AMERICANA SIN LÁGRIMAS – PART EIGHT

2006 – Green Bay, MI to New Orleans, LA.

I found a battered upright in a spare dressing room somewhere and was plunking out a very basic accompaniment for a tune I’d first heard on the B-side of Cliff Bennett and The Rebel Rousers splendid version of The Drifters’ “One Way Love”.

It was a song I’d heard Brinsley Schwarz revive in the cellar of the Hope & Anchor in Islington and although I didn’t know it at the time the song had been a 1961 hit for Ernie K. Doe.

The music must have drifted down the hallway, as I was suddenly aware of the song’s composer standing in the doorway with look of surprise that I knew the song at all.

“Well” said Allen Toussaint.

He was a man of few words.

1983 – New Orleans.

My meeting with Allen Toussaint came about due to a most unusual assignment. Yoko Ono’s office had called to ask if I would contribute to an album of interpretations of her songs that her and John Lennon had been working on at the time of his murder.

The song I was requested to interpret was “Walking On Thin Ice”, the song they had completed working on the night of John’s death. Now I was being asked to sing it again.

Yoko and I met at the studio where she had only recently returned to work on what would be the “Milk & Honey” album. I took the request very seriously but really didn’t know how to proceed. I looked for a gap in our tour itinerary and suitable location to record.

I could see a day after Memphis and perhaps a day before our proposed New Orleans date.

More wishfully than actually imagining it might really happen, I asked “What if we could get either Willie Mitchell or Allen Toussaint to produce this track?” I thought I might as well have suggested we hire a rocket ship to the planet Jupiter.

I don’t know what calls were placed or which were answered but five days later I found myself on the phone with Allen Toussaint. The unusual nature of the song clearly inspired Allen’s curiosity but at the time I was still hoping for lightning to strike.

New Orleans had been the third city that the Attractions and I had visited in 1977 but we had only returned once since.
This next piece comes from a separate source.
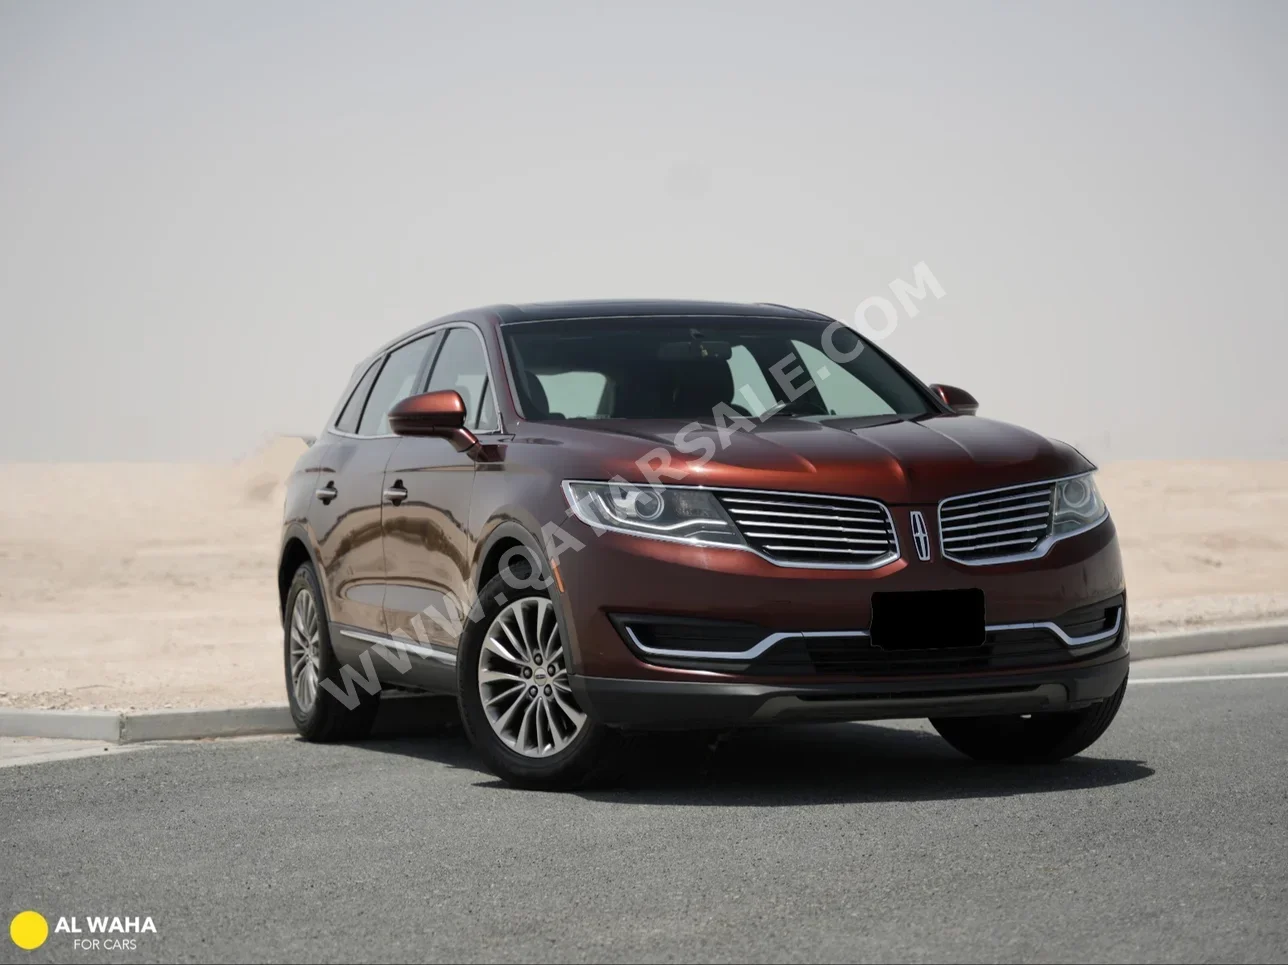 Lincoln  MKX  2016  Automatic  117,900 Km  6 Cylinder  Four Wheel Drive (4WD)  SUV  Maroon

I truthfully thought my request that we might head that way was in hope that the date would not take place and this would leave us with some play time in the Crescent City.

So proved to be the case in 1983 when our proposed date fell through, only this time we found ourselves at Sea-Saint Studios – with time enough to take in both an afternoon show by Art and Aaron Neville and then the full Neville Brothers band – and get to cut a song with Allen Toussaint at the controls.

Allen saw that the Yoko song was well-served by all of the members of the Attractions and the T.K.O. horns and then took me out for a short ride in his gold Rolls Royce to retrieve a home-cooked meal for the whole crew before we wrapped up the final vocal performance and his final mix.

1988 – New Orleans.

T Bone Burnett and I were working on the album “Spike”, a record that eventually took in sessions in four cities. Our second stop of Southland Studios, New Orleans was to record horn parts with The Dirty Dozen Brass Band after Allen Toussaint had effectively designed the song “Deep Dark Truthful Mirror” from the piano part outwards.

We parted promising that we must work together again but Allen didn’t often leave the hometown where he had written and recorded since the late ‘50s, people traveled to him to have him produce them but I only made two more whistle stops in New Orleans during the following decade.

2005 – New Orleans Jazz & Heritage Festival.

The Imposters and I had played a set with Los Lobos’ David Hildalgo sitting and taking lead vocals on “Mas Y Mas” and the Hunter/Garcia tune, “Bertha”, just one of a multitude of their songs that were beauties long before “Americana” became an orthodoxy of itchy tweeds and mustache wax.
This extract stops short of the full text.